I'm primarily an MMO player. Here's how I see 4E moved closer to MMOs (at least those of the WoW generation)

1, More defined roles. MMOs of that generation are heavily governed by the Trinity (tank-healer-damage), and the mechanics enforce those roles. As a result, classes tend to heavily specialize into their role. 4E classes aim at more defined roles than classes in previous editions. Before 4E, classes may have fallen into a role de facto. In 4E, classes were put into roles de jure.
Alright, some tangible points to interact with. Good deal. Piece by piece.

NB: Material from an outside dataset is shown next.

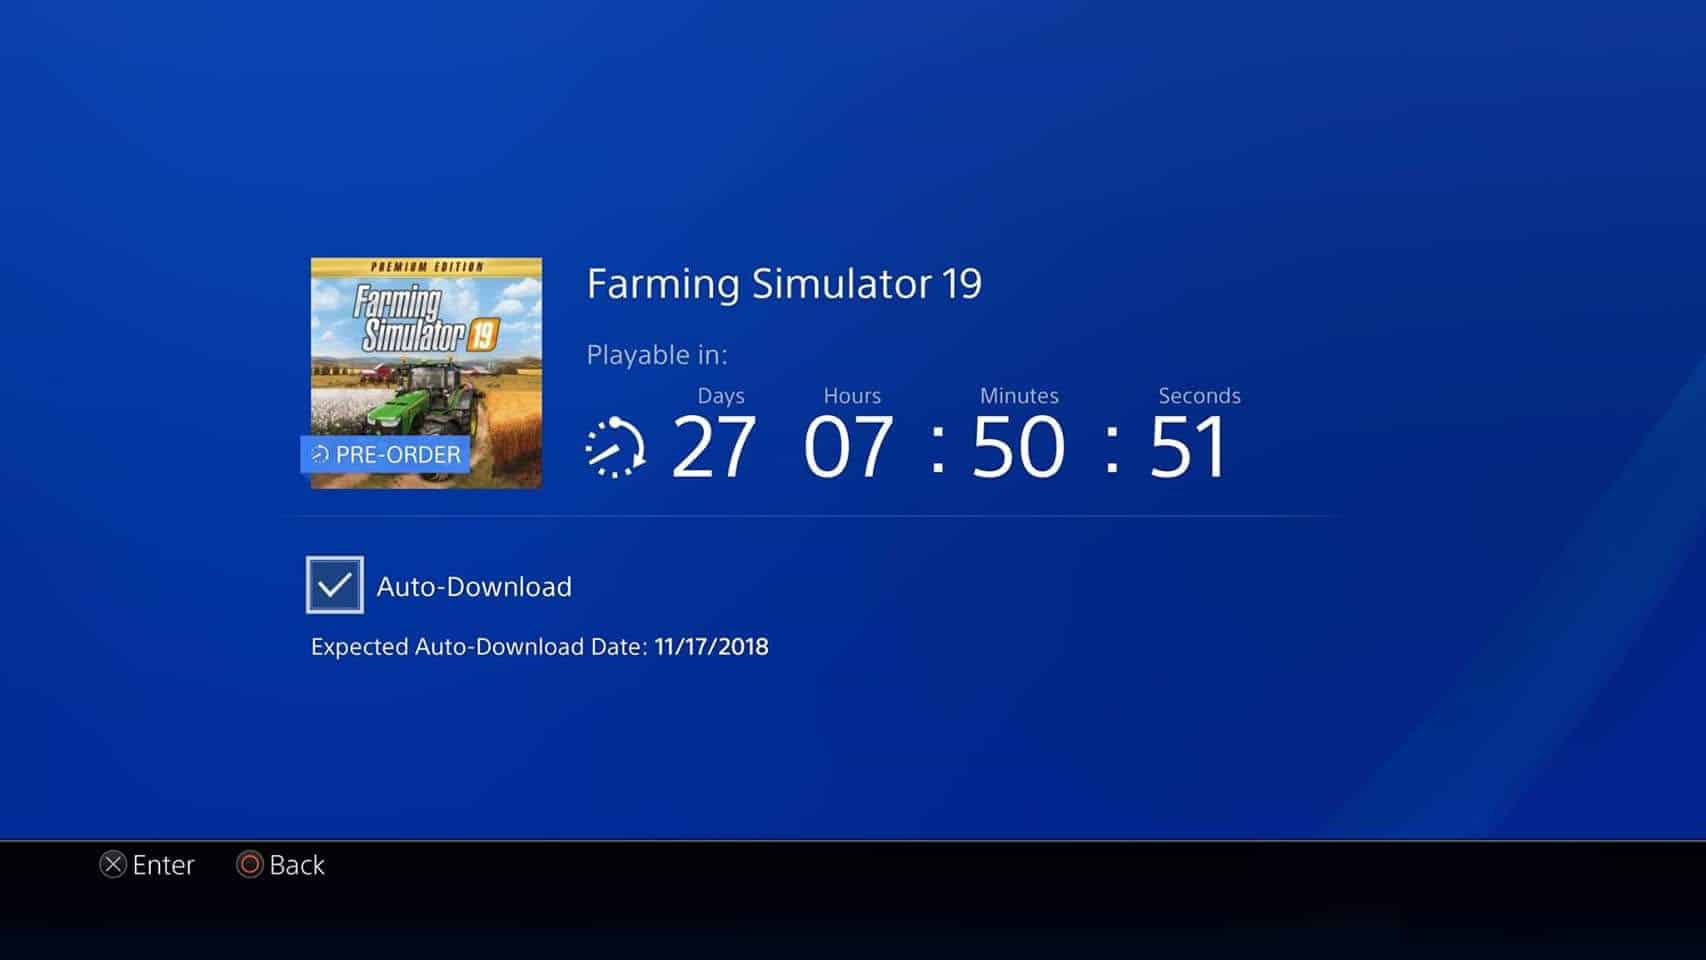 Landwirtschafts-Simulator 19: Premium Edition PlayStation 4

This was one I mentioned above. Whereas you see MMO roots in the reasoning for making the combat roles, I (like many others) hold that these roles have always been inherent to D&D combat. Fighters and Paladins were expected to hold choke points and to interpose themselves between the bad guys and the squishy artillery/controllers as far as back as I've been running games (1984). Further, the warrior class of D&D (and the melee rules in general) had means to do so even way back when. Rogues and Monks were skirmishers and were expected to find ways to deploy their damage and stay mobile (because any prolonged melee meant certain death). Clerics's engineering afforded them the primary support role of buffing and healing (and divining and smiting). Wizards were meant to control enemies (Grease, Sleep, etc) and deploy their artillery (fireball, MM, etc).

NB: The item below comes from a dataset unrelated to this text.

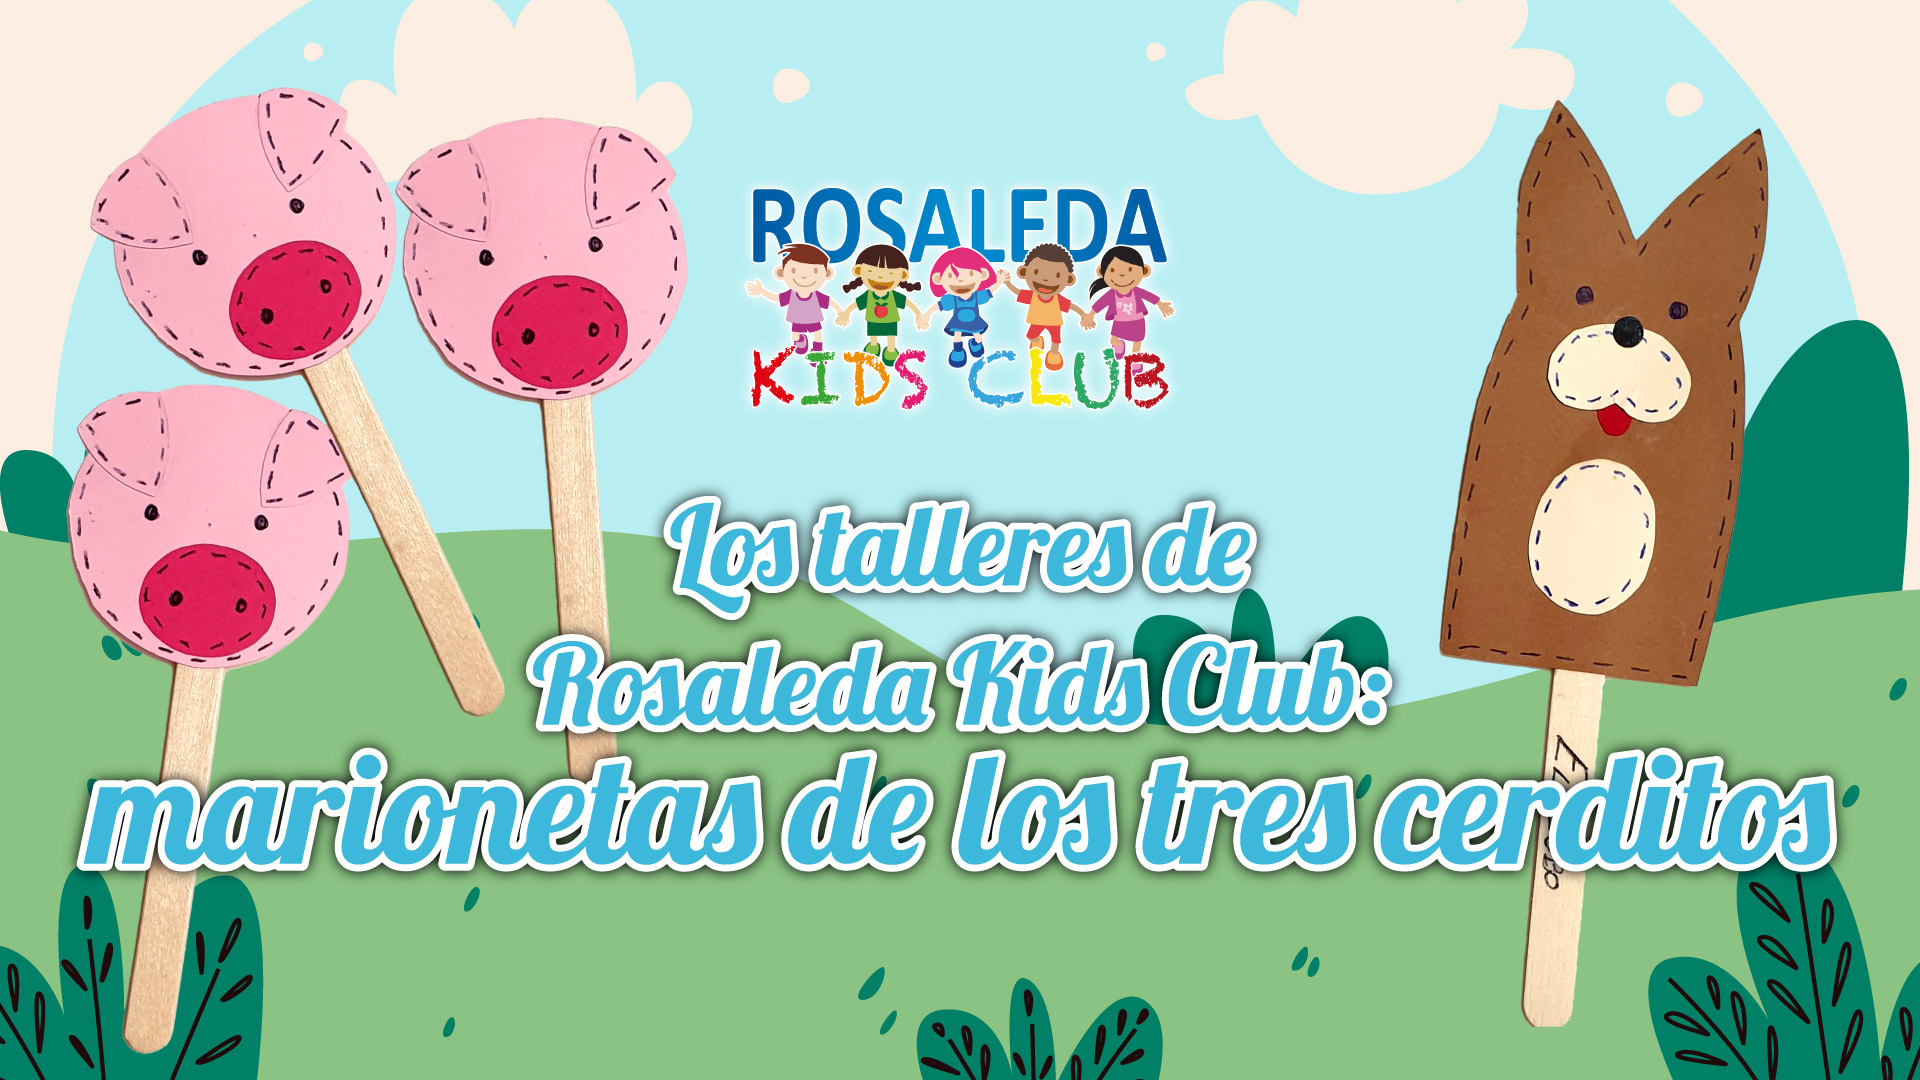 Rosaleda Kids Club: marionetas de los tres cerditos

The only thing 4e did was make this paradigm transparent and coherently engineer more tactical depth into each of the classes with respect to those roles (especially martial classes) such that they can (1) meet a standard level of performance in their expectant roles, (2) make "dyanmically fun and tactically engaging" the standard (rather than the purview of a few select classes - spellcasters), and (3) so that new players and old players don't get confused by "what exactly is this guy supposed to do (eg the 1e and 3.x monk)?" That is the problem it solved; the 3.x Fighter and the 1e/3.x Monk. Look at Heinsoo's (4e is his D&D as 5e is Mearls') editorializing all throughout 13th Age. The virtue of transparency and codification is expressed there and it has nothing to do with MMOs.

And finally, while each class had a primary role, they all were quite effective in secondary roles. A Fighter is easily built to be a baseline Striker as well as having his Defender capabilities. A Fighter that is built this way and is ignored will outperform Strikers in damage output. A Paladin as a secondary Leader can be quite effective. Curiously enough, that follows their archtypical shtick.

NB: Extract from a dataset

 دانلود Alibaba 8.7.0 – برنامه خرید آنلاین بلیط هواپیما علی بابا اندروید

2. The encounter as the central unit. Most MMOs approach each encounter fresh. HP are back to full, resources are back to the starting point, etc. The state of the PC as combat starts is independent of what happened in previous encounters. Prior to 4E, this was very much not true for D&D. The initial state of the PC depended heavily on the previous enounters. 4E, especially with elements like encounter powers, moved a lot closer to the MMO state.
I don't agree with this either from an MMO perspective nor from a 4e/TTRPG perspective. First the MMO:
I'm not sure how (meaning casual or in a raiding guild) you engaged with WoW, but I can firmly tell you that what you describe bears no resemblance to my play period:

a) Everything from farming instances for mats, to trash clearing to bosses, to instance or world PVP never, ever had "the encounter as the central unit of play" and "everything recharged per encounter". Those made up the vast majority of play. In farming instances and trash clearing, the mode of play was to SPRINT from start to finish, never rest, grab every freaking thing you can, keep moving constantly, and basically tax the instance or raid force to their limits in their resource rationing overhead. This was all for the sake of speed and to keep people mentally fresh and engaged (as you do this very often). In world or instance PVP, you don't get to dictate the resource scheduling of the opposition so you're constantly trying to work out your own malleable refresh schedule while ablating their own resources. But there are no "hard resets". The "encounter isn't the central unit of play."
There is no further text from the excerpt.